* DATA FOR THE TASK:
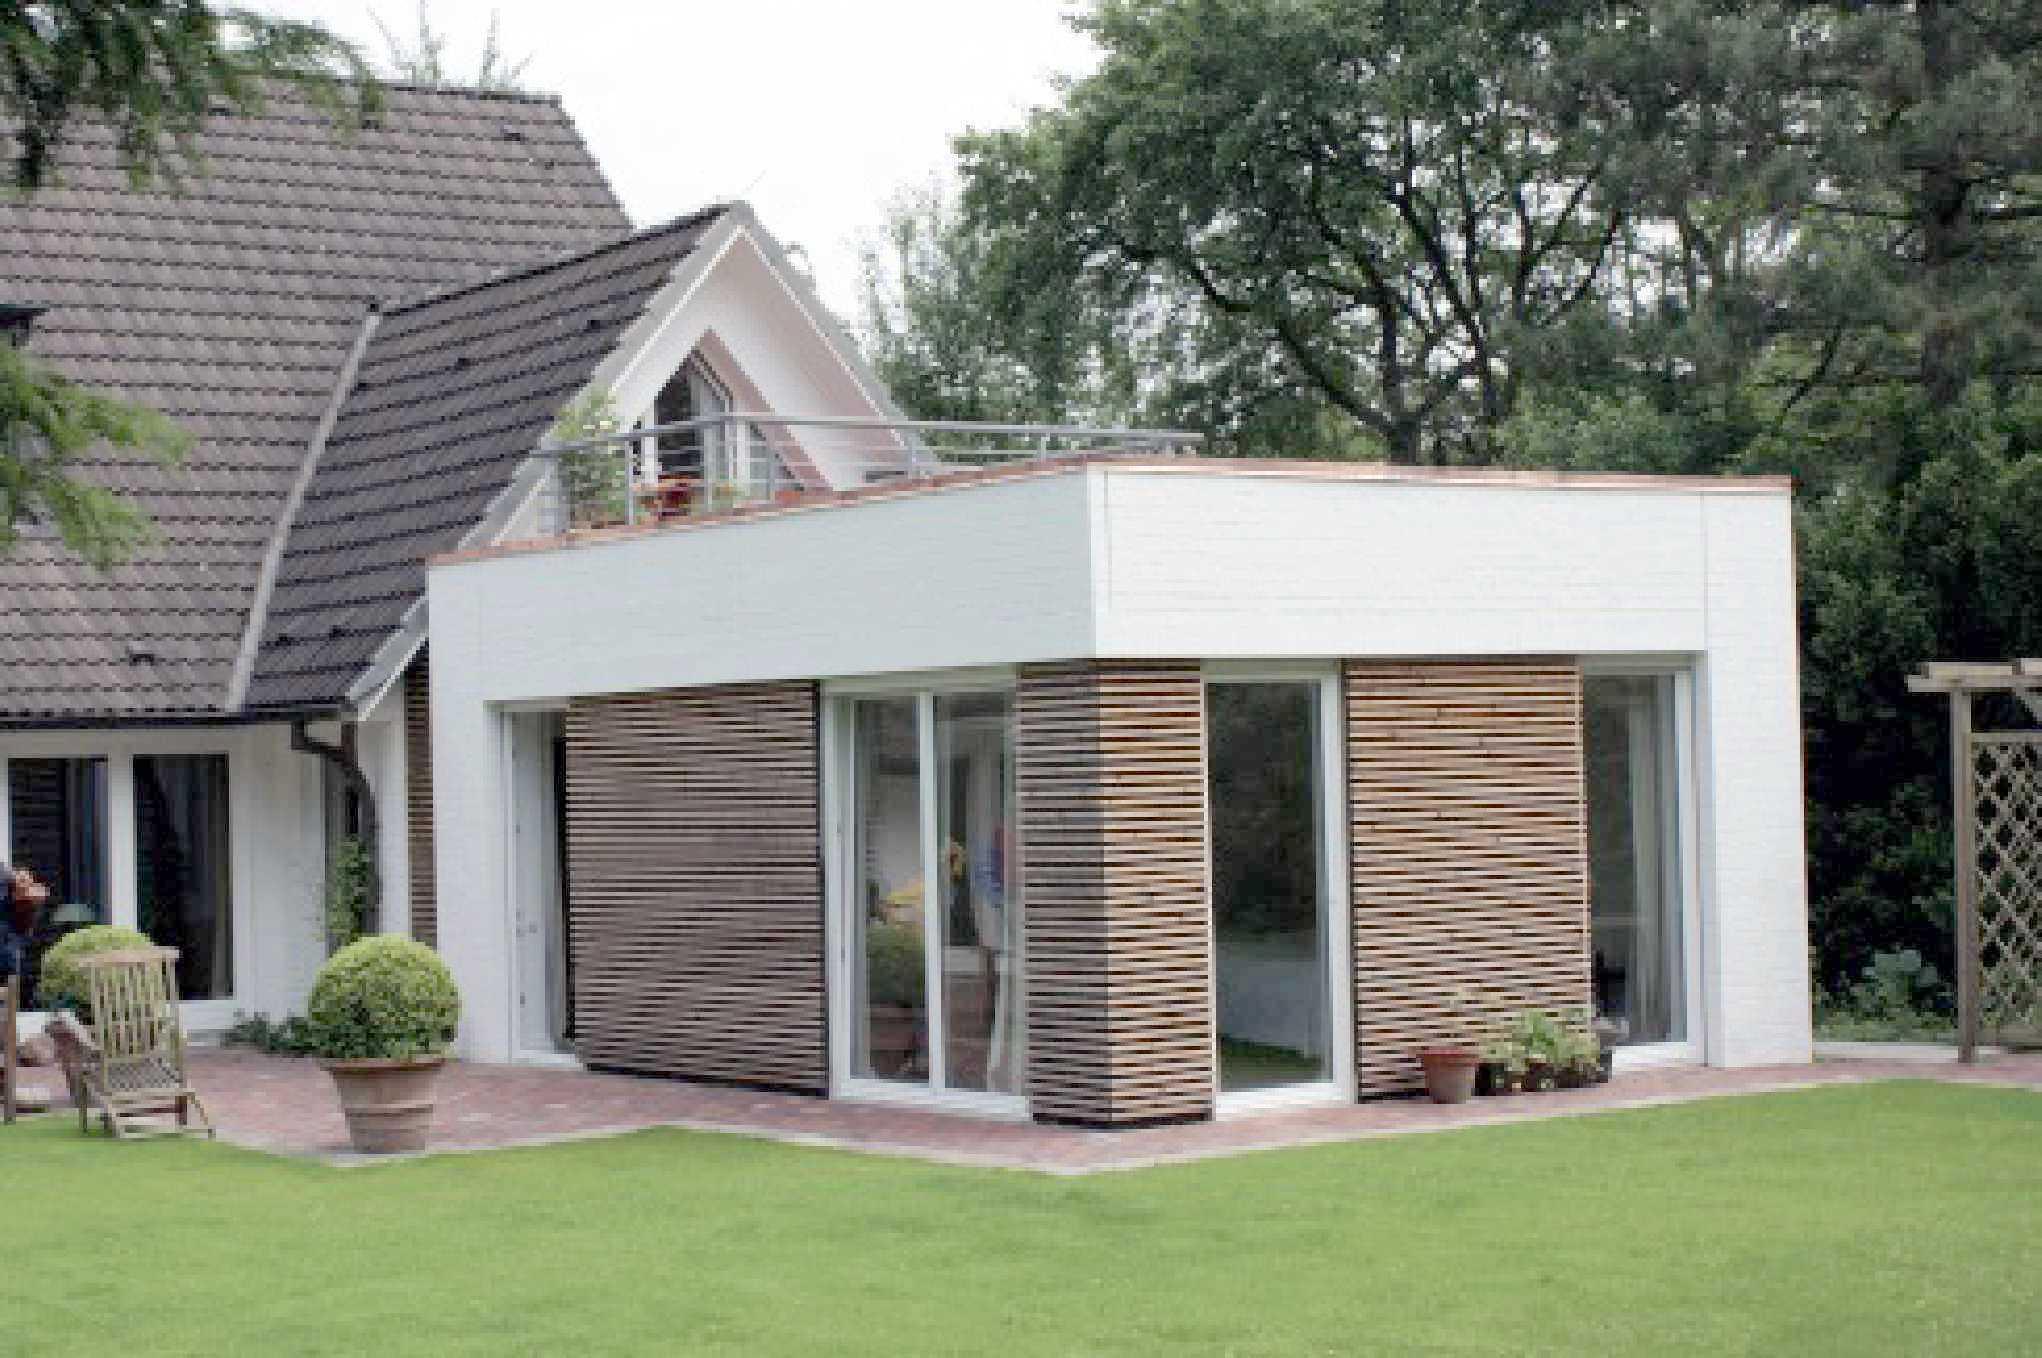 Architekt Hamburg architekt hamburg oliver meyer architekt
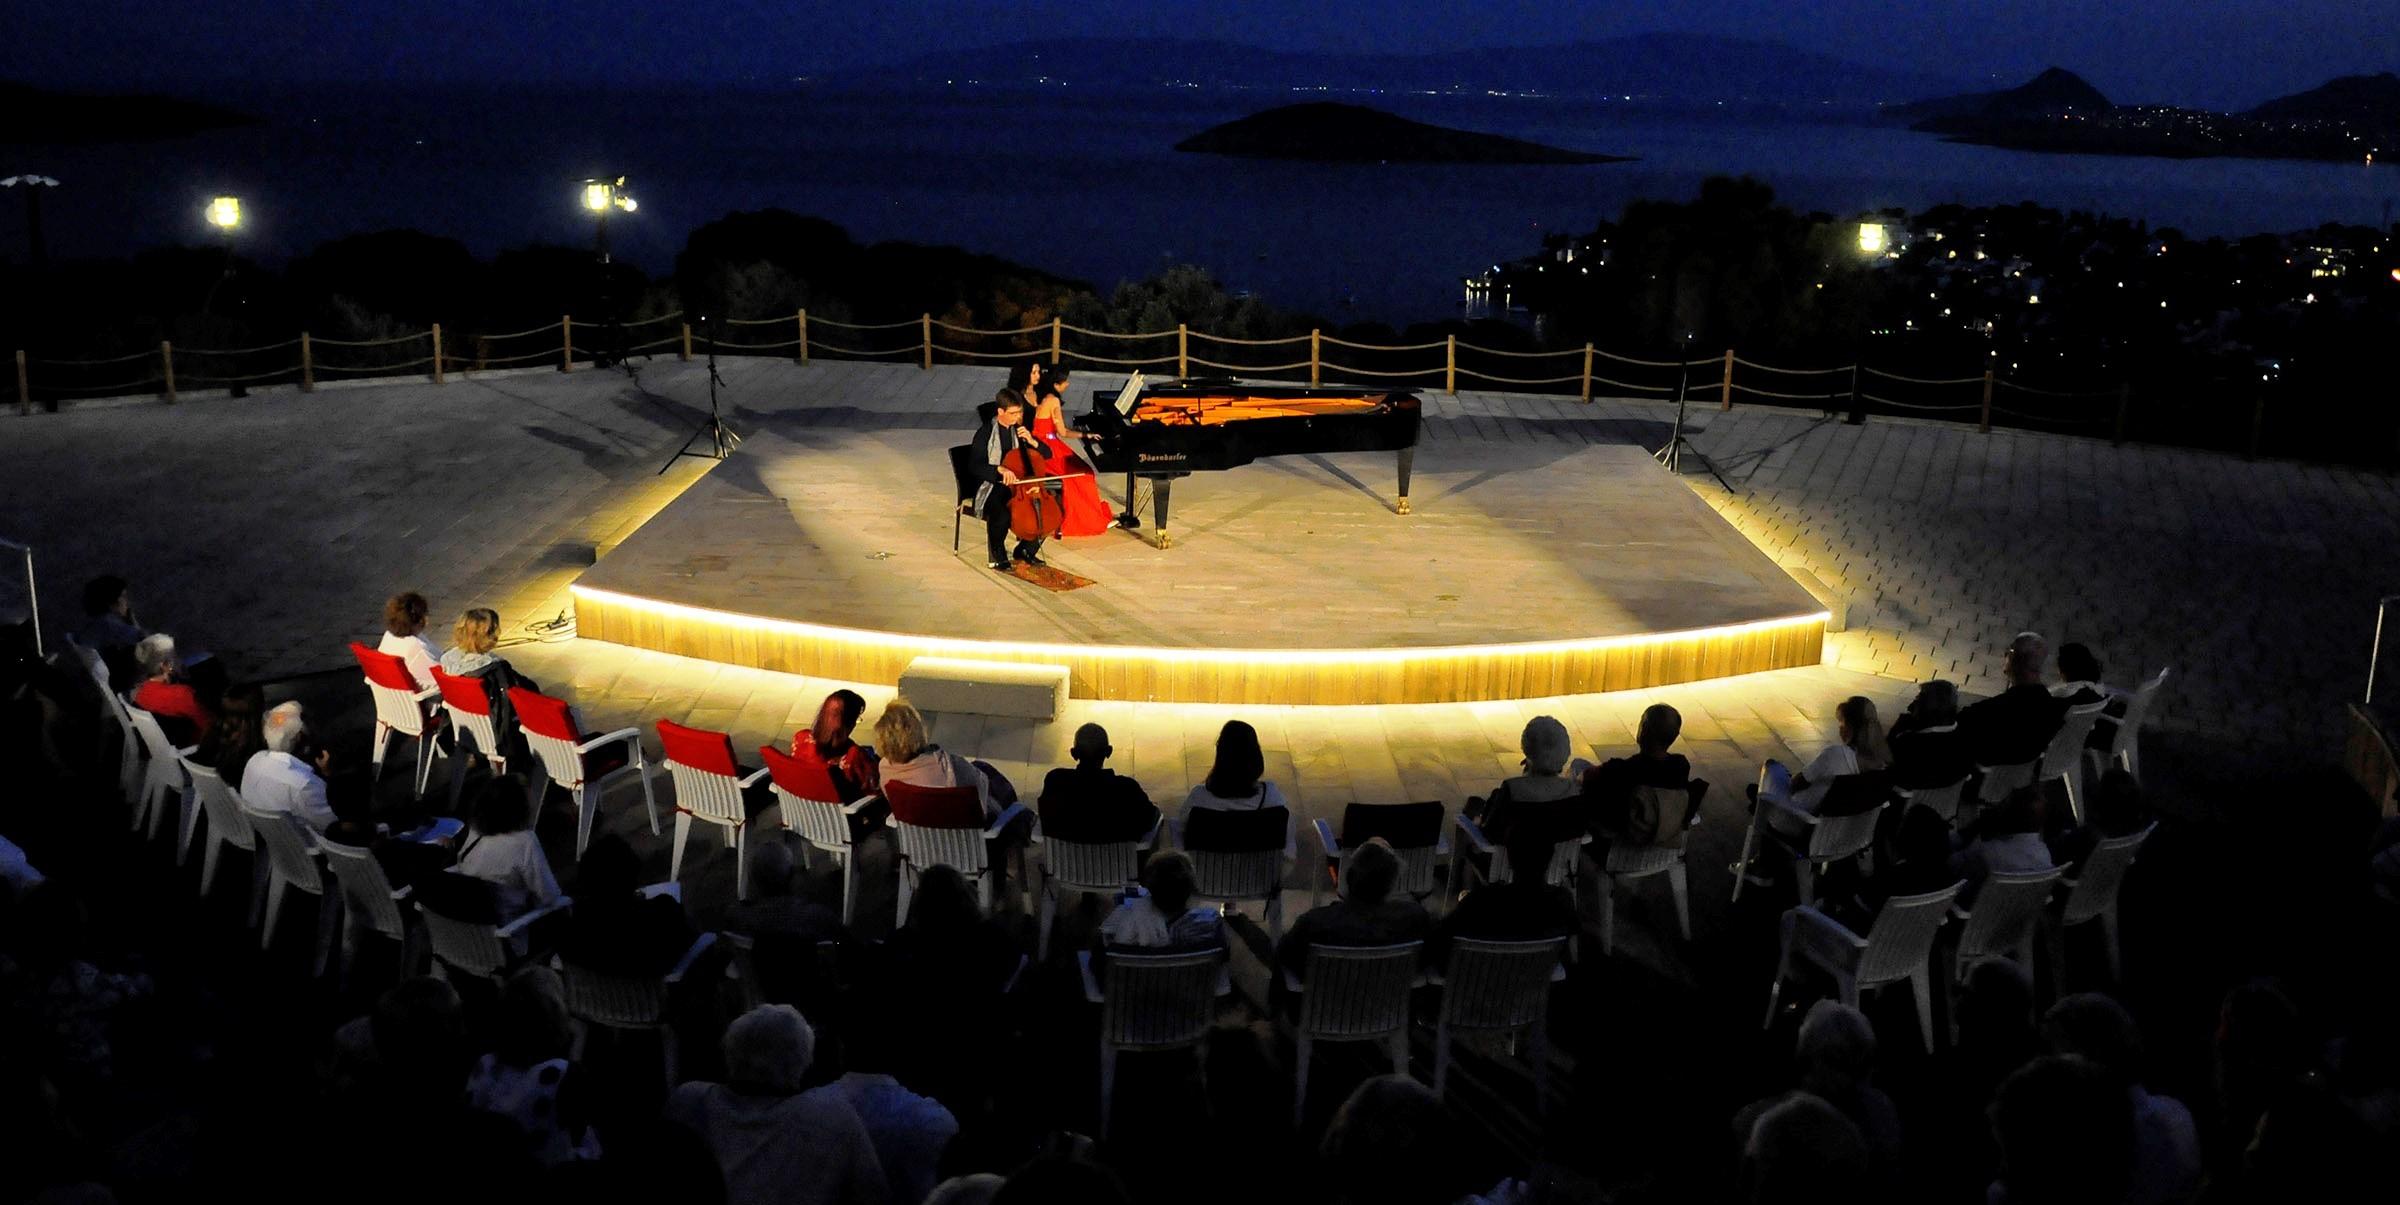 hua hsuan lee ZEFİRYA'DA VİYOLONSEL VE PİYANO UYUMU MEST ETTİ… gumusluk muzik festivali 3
* * *
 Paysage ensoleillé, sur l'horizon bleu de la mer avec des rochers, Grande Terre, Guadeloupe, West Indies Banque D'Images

* AIM OF THE EXERCISE:
Print exactly the lines above that run from the one with "Architekt Hamburg architekt" down to the one with "hua hsuan lee", and omit the pictures.

* REPLY TO THE EXERCISE:
 Architekt Hamburg architekt hamburg oliver meyer architekt
 hua hsuan lee ZEFİRYA'DA VİYOLONSEL VE PİYANO UYUMU MEST ETTİ… gumusluk muzik festivali 3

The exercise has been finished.